» **YOUR OBJECTIVE**
The answer is to be an exact copy of the lines below running from the line with "駅ビルだから、通いやすい。大" down to the line with "Sugar Free Natura", both ends included, and nothing more.

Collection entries

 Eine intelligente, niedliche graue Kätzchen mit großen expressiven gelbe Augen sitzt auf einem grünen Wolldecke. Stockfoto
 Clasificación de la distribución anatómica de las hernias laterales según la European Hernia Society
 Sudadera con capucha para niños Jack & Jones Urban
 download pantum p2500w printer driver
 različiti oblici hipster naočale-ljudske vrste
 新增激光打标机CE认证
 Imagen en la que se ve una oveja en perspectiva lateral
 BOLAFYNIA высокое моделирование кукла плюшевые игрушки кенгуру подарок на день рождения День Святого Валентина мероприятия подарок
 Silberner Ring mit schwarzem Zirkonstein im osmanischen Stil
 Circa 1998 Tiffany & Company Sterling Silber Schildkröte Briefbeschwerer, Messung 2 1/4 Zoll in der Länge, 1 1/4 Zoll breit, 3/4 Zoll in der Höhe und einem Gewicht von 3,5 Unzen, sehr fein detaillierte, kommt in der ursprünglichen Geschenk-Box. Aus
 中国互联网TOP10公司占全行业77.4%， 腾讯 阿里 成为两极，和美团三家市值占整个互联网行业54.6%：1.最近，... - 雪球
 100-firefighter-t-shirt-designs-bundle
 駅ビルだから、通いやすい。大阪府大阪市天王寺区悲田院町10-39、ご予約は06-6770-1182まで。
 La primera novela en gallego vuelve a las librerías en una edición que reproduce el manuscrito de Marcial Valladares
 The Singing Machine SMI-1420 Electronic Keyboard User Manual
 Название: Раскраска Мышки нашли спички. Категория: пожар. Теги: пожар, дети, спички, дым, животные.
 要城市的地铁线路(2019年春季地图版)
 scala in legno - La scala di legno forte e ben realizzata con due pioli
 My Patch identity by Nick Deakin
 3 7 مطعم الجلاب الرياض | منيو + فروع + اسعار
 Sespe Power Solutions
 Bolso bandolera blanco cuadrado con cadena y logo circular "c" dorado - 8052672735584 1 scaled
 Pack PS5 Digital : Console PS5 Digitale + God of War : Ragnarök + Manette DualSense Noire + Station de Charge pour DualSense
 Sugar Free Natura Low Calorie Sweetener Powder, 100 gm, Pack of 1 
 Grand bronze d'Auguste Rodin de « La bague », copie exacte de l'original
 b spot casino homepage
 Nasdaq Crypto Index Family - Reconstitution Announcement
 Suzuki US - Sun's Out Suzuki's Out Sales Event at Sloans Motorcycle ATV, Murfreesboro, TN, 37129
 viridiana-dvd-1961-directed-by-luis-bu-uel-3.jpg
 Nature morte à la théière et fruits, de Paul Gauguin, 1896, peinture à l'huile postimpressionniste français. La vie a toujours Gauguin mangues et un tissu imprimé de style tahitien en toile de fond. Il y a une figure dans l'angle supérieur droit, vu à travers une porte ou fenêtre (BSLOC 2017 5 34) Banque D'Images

» **OUTPUT OF THE TASK**
 駅ビルだから、通いやすい。大阪府大阪市天王寺区悲田院町10-39、ご予約は06-6770-1182まで。
 La primera novela en gallego vuelve a las librerías en una edición que reproduce el manuscrito de Marcial Valladares
 The Singing Machine SMI-1420 Electronic Keyboard User Manual
 Название: Раскраска Мышки нашли спички. Категория: пожар. Теги: пожар, дети, спички, дым, животные.
 要城市的地铁线路(2019年春季地图版)
 scala in legno - La scala di legno forte e ben realizzata con due pioli
 My Patch identity by Nick Deakin
 3 7 مطعم الجلاب الرياض | منيو + فروع + اسعار
 Sespe Power Solutions
 Bolso bandolera blanco cuadrado con cadena y logo circular "c" dorado - 8052672735584 1 scaled
 Pack PS5 Digital : Console PS5 Digitale + God of War : Ragnarök + Manette DualSense Noire + Station de Charge pour DualSense
 Sugar Free Natura Low Calorie Sweetener Powder, 100 gm, Pack of 1 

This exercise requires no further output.